L’élection présidentielle turque sera une course palpitante au coude-à-coude : « Il y a une polarisation depuis 20 ans »

Le dimanche 14 mai, les Turcs se rendent aux urnes pour les élections présidentielles. Après 20 ans de présidence Erdogan, la Turquie pourrait choisir de changer de cap. Le challenger d’Erdogan, Kemal Kilicdaroglu, est aussi son parfait opposé. Business AM s’est entretenu avec Dirk Rochtus, maître de conférences en politique internationale à la KU Leuven, au sujet de cette course passionnante.
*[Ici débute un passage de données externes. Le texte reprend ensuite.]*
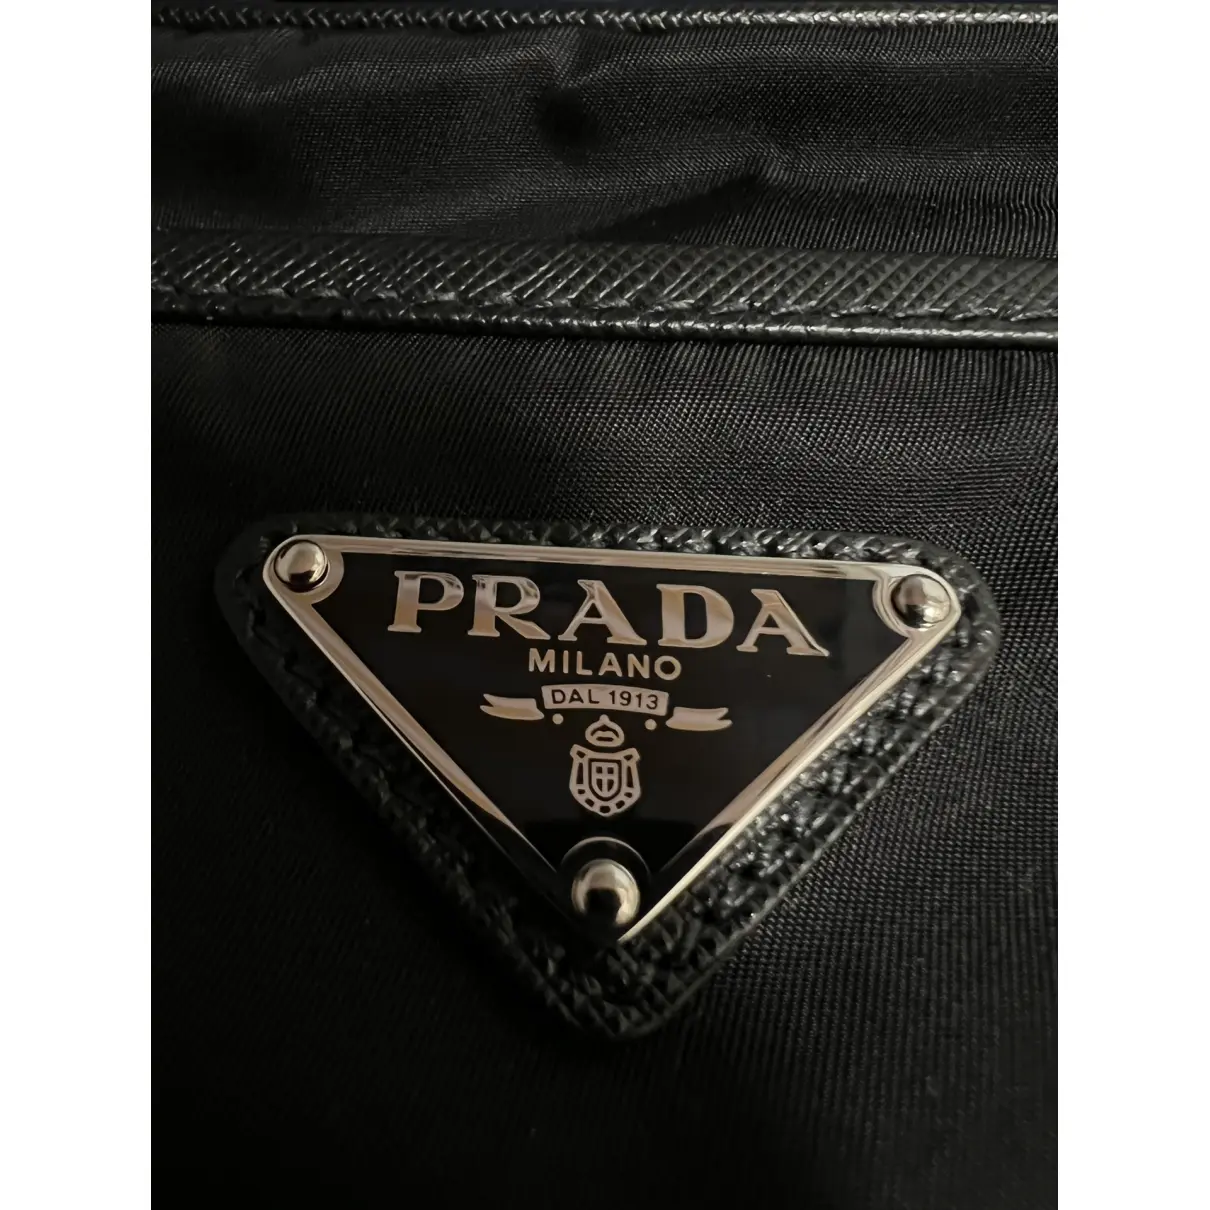 Buy Prada Cloth weekend bag online

L’essentiel : Les élections présidentielles turques se déroulent dans un climat de grande tension. Les deux principaux candidats sont au coude à coude. D’un côté, le président sortant Erdogan et de l’autre, Kemal Kilicdaroglu, le leader d’une alliance de six partis. Tous deux ont des points de vue totalement différents sur la politique intérieure et étrangère.
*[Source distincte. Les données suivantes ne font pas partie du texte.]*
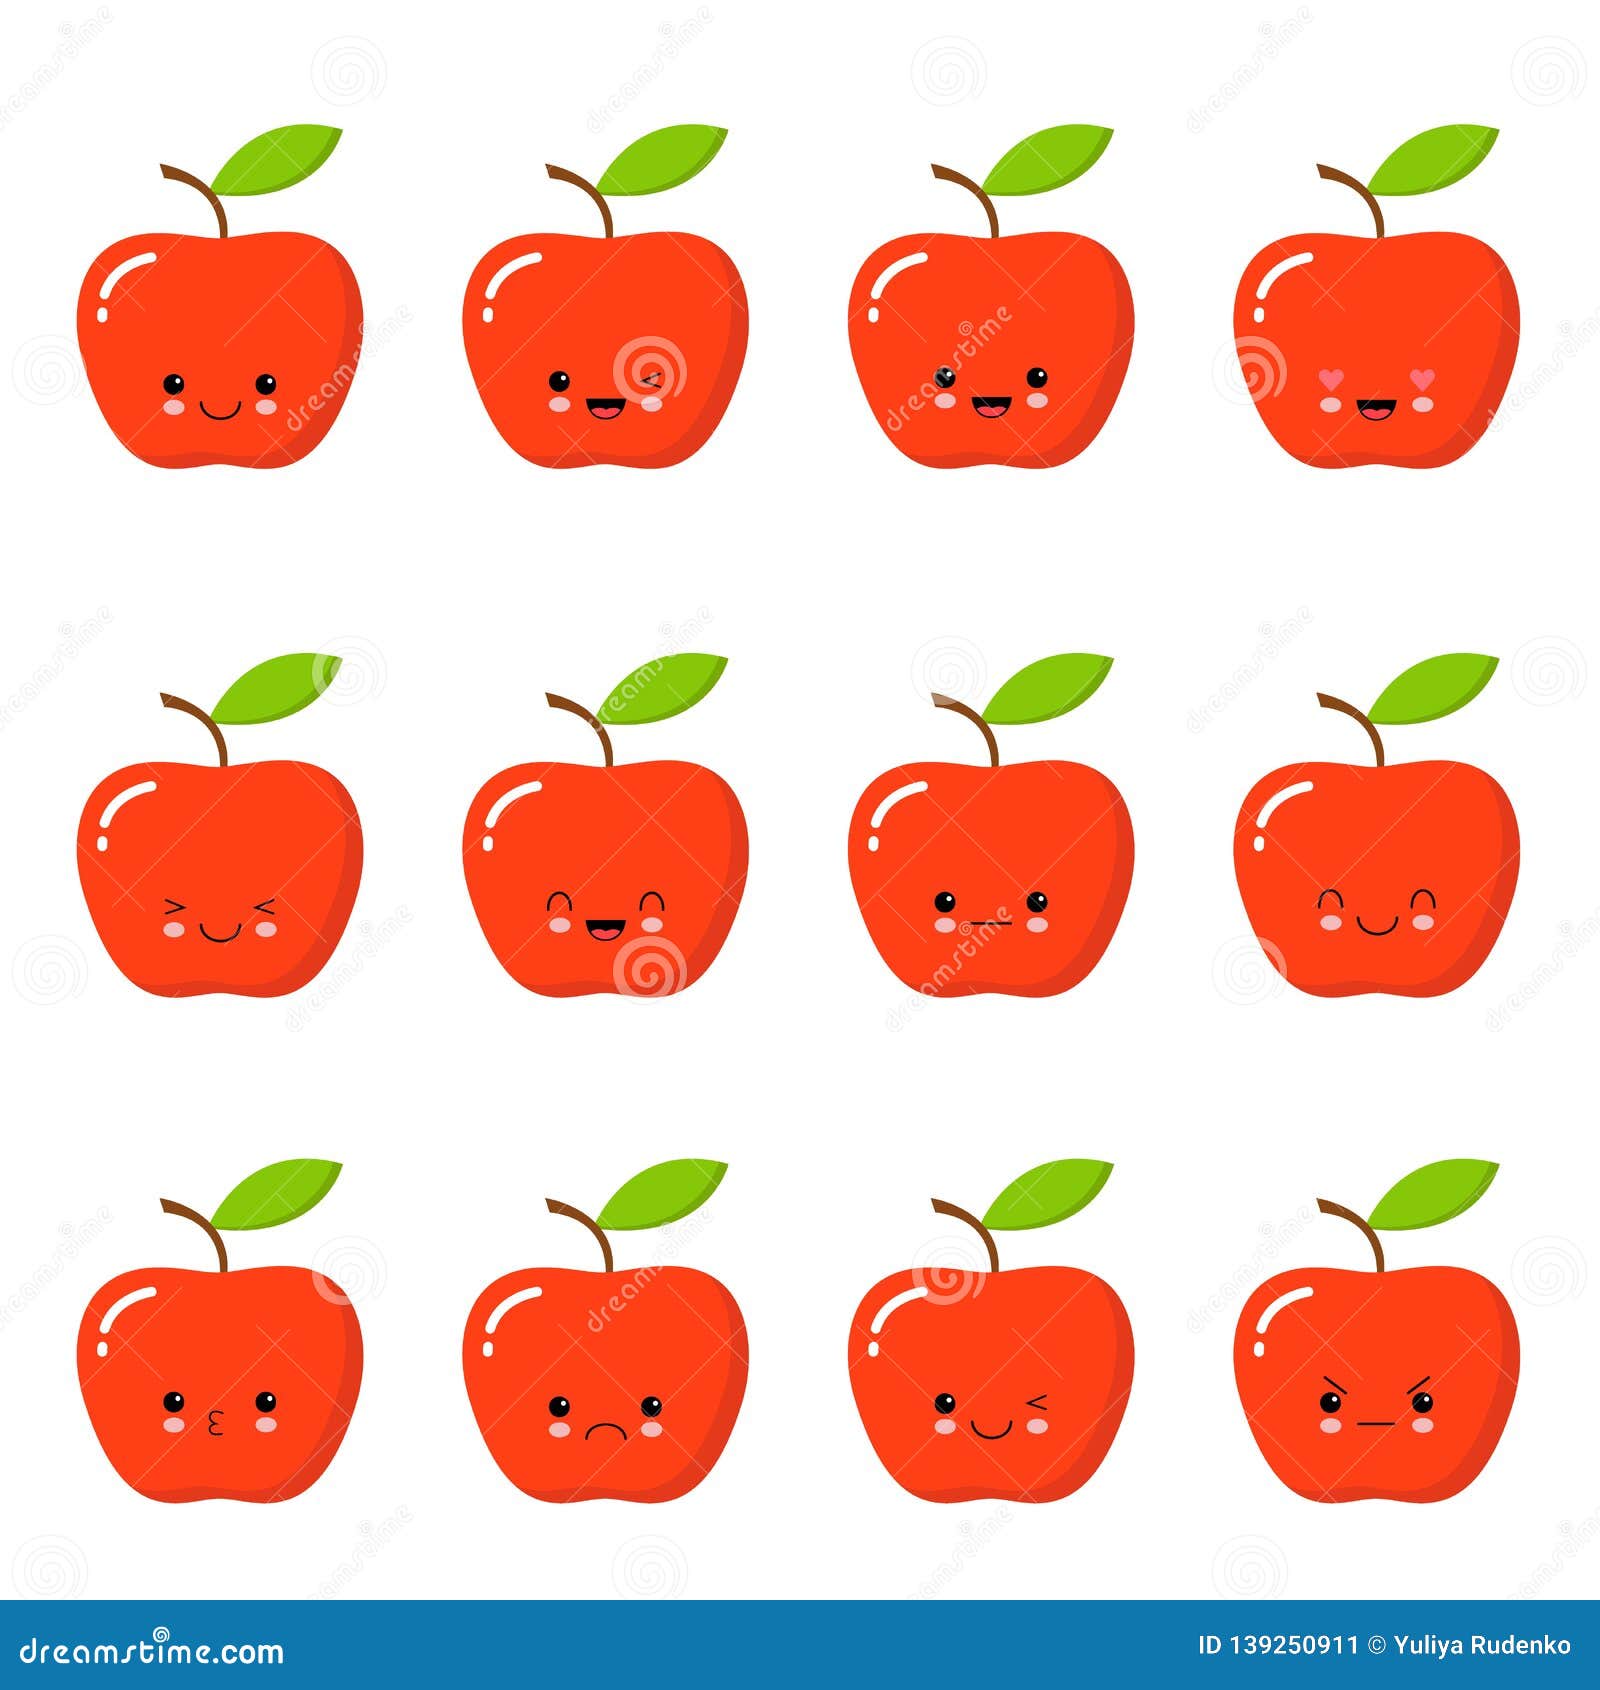 Sự dễ thương của táo đỏ chắc chắn sẽ khiến bạn cười toe toét. Những hình ảnh về loại trái cây này sẽ khiến bạn muốn hái một quả ngay lập tức. Xem ngay!

  • « Erdogan a introduit un système présidentiel fort. Cela signifie qu’en tant que président, il n’est pas seulement le chef de l’État, mais aussi le chef du gouvernement », déclare Dirk Rochtus. « Le poste de Premier ministre a été supprimé. Erdogan peut soumettre ses propres propositions, qui sont ensuite adoptées sans autre forme de procès. »
  • « Kilicdaroglu souhaite rétablir l’État de droit, le poste de Premier ministre, redonner plus de poids au parlement et garantir l’indépendance de la justice. Il juge inacceptable que de nombreuses personnes soient emprisonnées en raison de leurs opinions politiques et souhaite qu’elles soient à nouveau libérées ».

Réfugiés syriens

  • « Beaucoup ne sont probablement pas très sensibles à ce discours sur la démocratie. Mais cela entre en ligne de compte. Erdogan a persécuté des dizaines de milliers de personnes. Ces personnes seront certainement attentives à cet argument », ajoute Rochtus. « Mais c’est avant tout l’économie qui joue, et ensuite le sort des réfugiés syriens en Turquie. Cela pèse également sur la société et l’économie. »
  • « Ces réfugiés représentent un lourd fardeau pour la Turquie. Erdogan veut les transférer en Syrie. Kilicdaroglu veut faire de même, mais il a une approche plus humanitaire. Il estime qu’il est préférable que les réfugiés retournent en Syrie, mais il souhaite également aider la Syrie à faire face à la situation. Kilicdaroglu pense à une sorte de programme de reconstruction, qui pourrait impliquer l’Occident. »
  • « Il y a toujours eu une polarisation en Turquie au cours des 20 dernières années. 50% de la population était pour Erdogan et les 50% restants étaient contre lui. Si Kilicdaroglu réussit et commence à restaurer les libertés démocratiques, les personnes qui appartiennent au camp pro-Erdogan pourraient être tentées de le suivre à l’avenir. La réconciliation n’est donc pas exclue », conclut Rochtus.